My hope in writing "Lean In: Women, Work, and the Will to Lead" was to change the conversation from what women can't do to what we can.
We need a national conversation that examines the barriers that hold women back and prevent us from achieving true equality. Additionally and just as importantly, we need personal conversations among us all -- managers and employees, friends, colleagues, partners, parents and children -- where issues about gender are discussed openly.
The blunt truth is that men still run the world. Of today's 195 independent countries, only 17 are led by women. In the United States, where our founding creed promises liberty and justice for all, women constitute just 18% of our elected congressional officials.
Since the early 1980s, educational achievement has steadily increased for women, while leadership in the workplace has plateaued. A meager 21 of the Fortune 500 CEOs are women. Women hold about 14% of executive officer positions and 16% of board seats. The gap is worse for women of color, who hold just 4% of top corporate jobs, 3% of board seats and 5% of congressional seats.
Even more distressing, the percentage of women at the top of corporate America has barely budged over the past decade. This means that when it comes to making the decisions that most affect us all, women's voices are not heard equally.
How do we change this?
As I wrote in "Lean In," women are held back by many institutional barriers: sexism, discrimination, a lack of flexibility and a U.S. public policy that lags behind that of most developed nations. But women are also held back by stereotypes that persist and remain self-fulfilling.
By talking openly about the challenges that women face in the workplace and at home, we can work toward solutions together. We can't ignore the subject any longer. We need to talk and listen, debate and learn, evolve and take action.
To help address these issues, I co-founded Leanin.org, a global community dedicated to encouraging women to lean in to their ambitions. In addition to providing educational videos (such as "Negotiation" and "Creating a Level Playing Field"), Leanin.org also allows women to come together and share stories of how they have been able to overcome obstacles to pursue a goal.
Men, too, offer stories of how they mentored and supported female colleagues, friends and partners during key career moments. The stories are fascinating. Not every story will speak to everyone, but viewed collectively they illuminate and connect.

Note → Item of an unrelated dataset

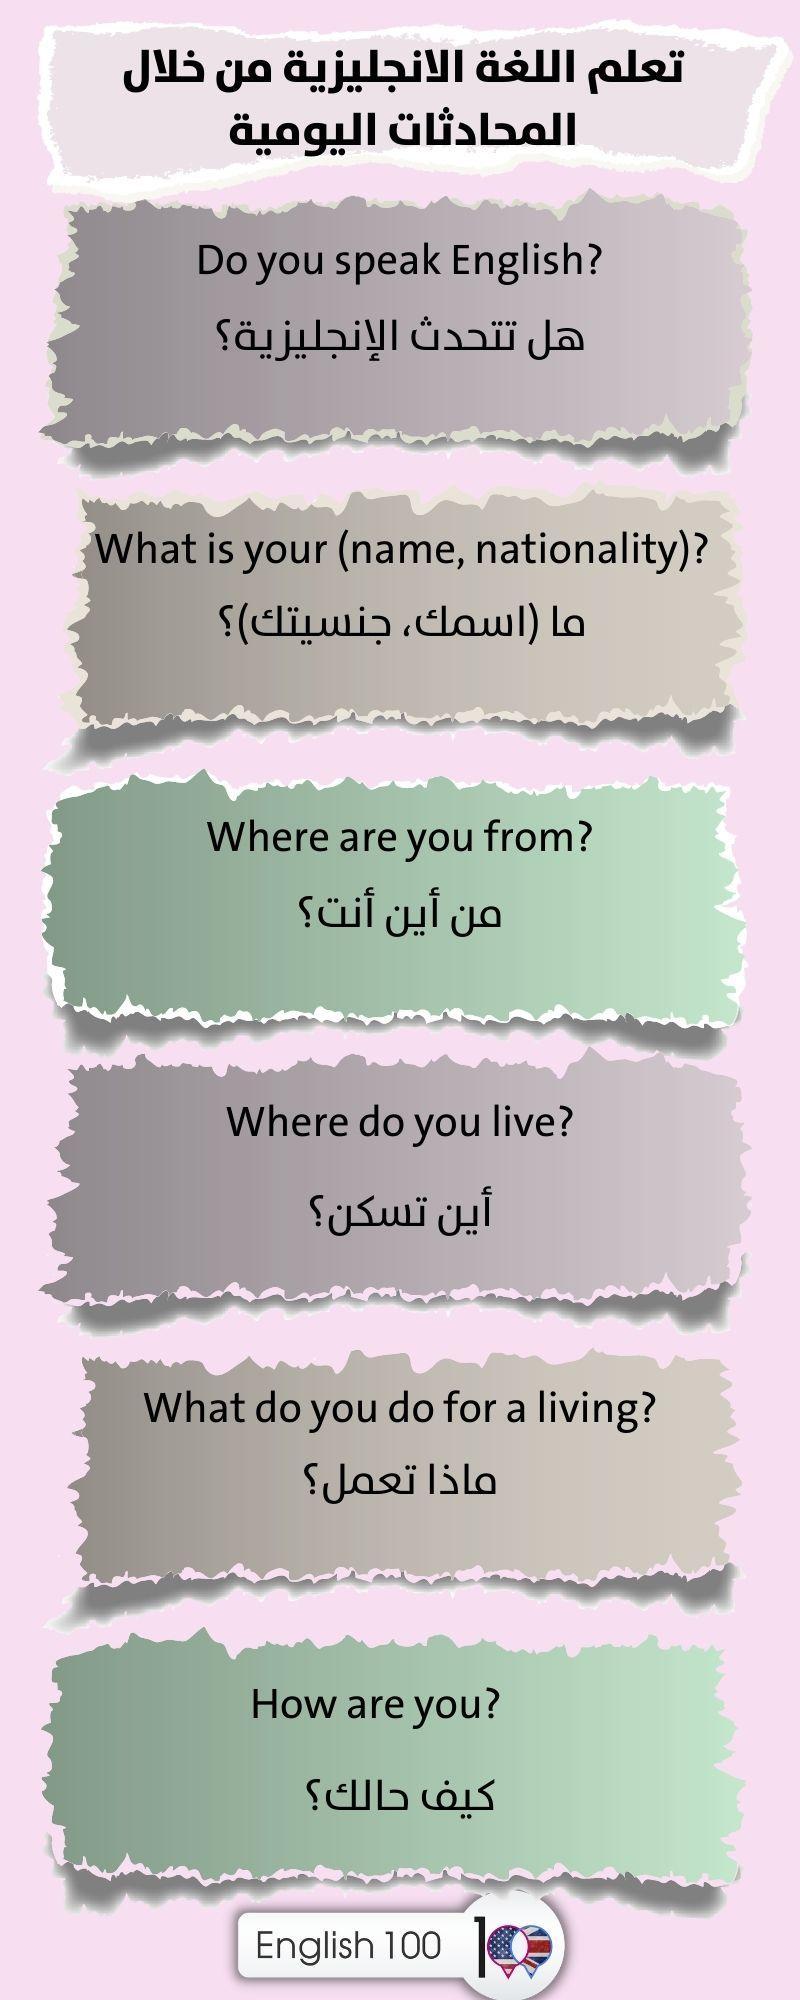 تعلم اللغة الانجليزية من خلال المحادثات اليومية Learn English through daily conversations

One of the most remarkable stories comes from Marie Tueller, who bravely and beautifully writes about how she found the strength to testify against her rapist in court even though he had threatened her life and the life of her child. This courageous testimony put him in jail for 31 years without possibility of parole.
Another story that I've read over and over comes from Kelly Wickham, an assistant principal in Springfield, Illinois. Pregnant at 15, Kelly persevered to graduate from college, become a teacher, earn a master's degree and take on greater and greater responsibilities at work. As she says, "In my second year of [graduate] classes, a professor asked why I wanted to become a principal. I responded that leadership found me, and I wasn't going to shy away from it any longer."
Former first lady Laura Bush opens up about her deep concern for children after the tragedy of 9/11 and her work to comfort their fears. Photographer Me Ra Koh found that photography helped heal her pain after a miscarriage. Sen. Mazie Hirono of Hawaii talks about how her mother worked two jobs to support her children. As the senator explains, "I was not born into wealth, power or political legacy, and my path to the Senate was improbable as any."
These stories are about women finding their voice and their strength. And while the situations vary wildly among the Lean In stories, a few messages resonate throughout: Speak up. Believe in yourself. Take risks.
If your dream is to be a firefighter and you're in law school, you can make it happen, as Brenda Berkman describes in her inspiring story. It took her five years and a major lawsuit that challenged the New York City Fire Department's discriminatory hiring practices to do it, but she made her dream come true.
Not all the stories are about leaning in. As I discuss in my book, there are times when it makes sense for us to lean back.
Musician Nancy Kuo writes about working as hard as she could, piling on gig after gig, until she decided to track down a father she never knew. The search ended up changing her life: "I'm not moving as fast anymore, and have found by slowing down, I actually have time to work on my most important relationship -- the one I have with myself."
These stories are full of strong emotions. I urge you to go to the site and find the ones that resonate with you.
Do you fear public speaking? You might be interested to know that you share that fear with Sandra Jurado, the 22-year-old national youth president of the League of United Latin American Citizens. And, surprisingly, with actress Reese Witherspoon.
Ursula Burns, chair and CEO of Xerox, shares a powerful story about her experience.
She writes, "I was raised by a wonderful mother in the rough and tumble public housing projects on the Lower East Side of Manhattan. Many people told me I had three strikes against me: I was black. I was a girl. And I was poor. Mom didn't see it that way. She constantly reminded me that where I was didn't define who I was."
We can each define ambition and progress for ourselves. The goal is to work toward a world where expectations are not set by the stereotypes that hold us back, but by our personal passion, talents and interests.
I look forward to the day when half our homes are run by men and half our companies and institutions are run by women. When that happens, it won't just mean happier women and families; it will mean more successful businesses and better lives for us all.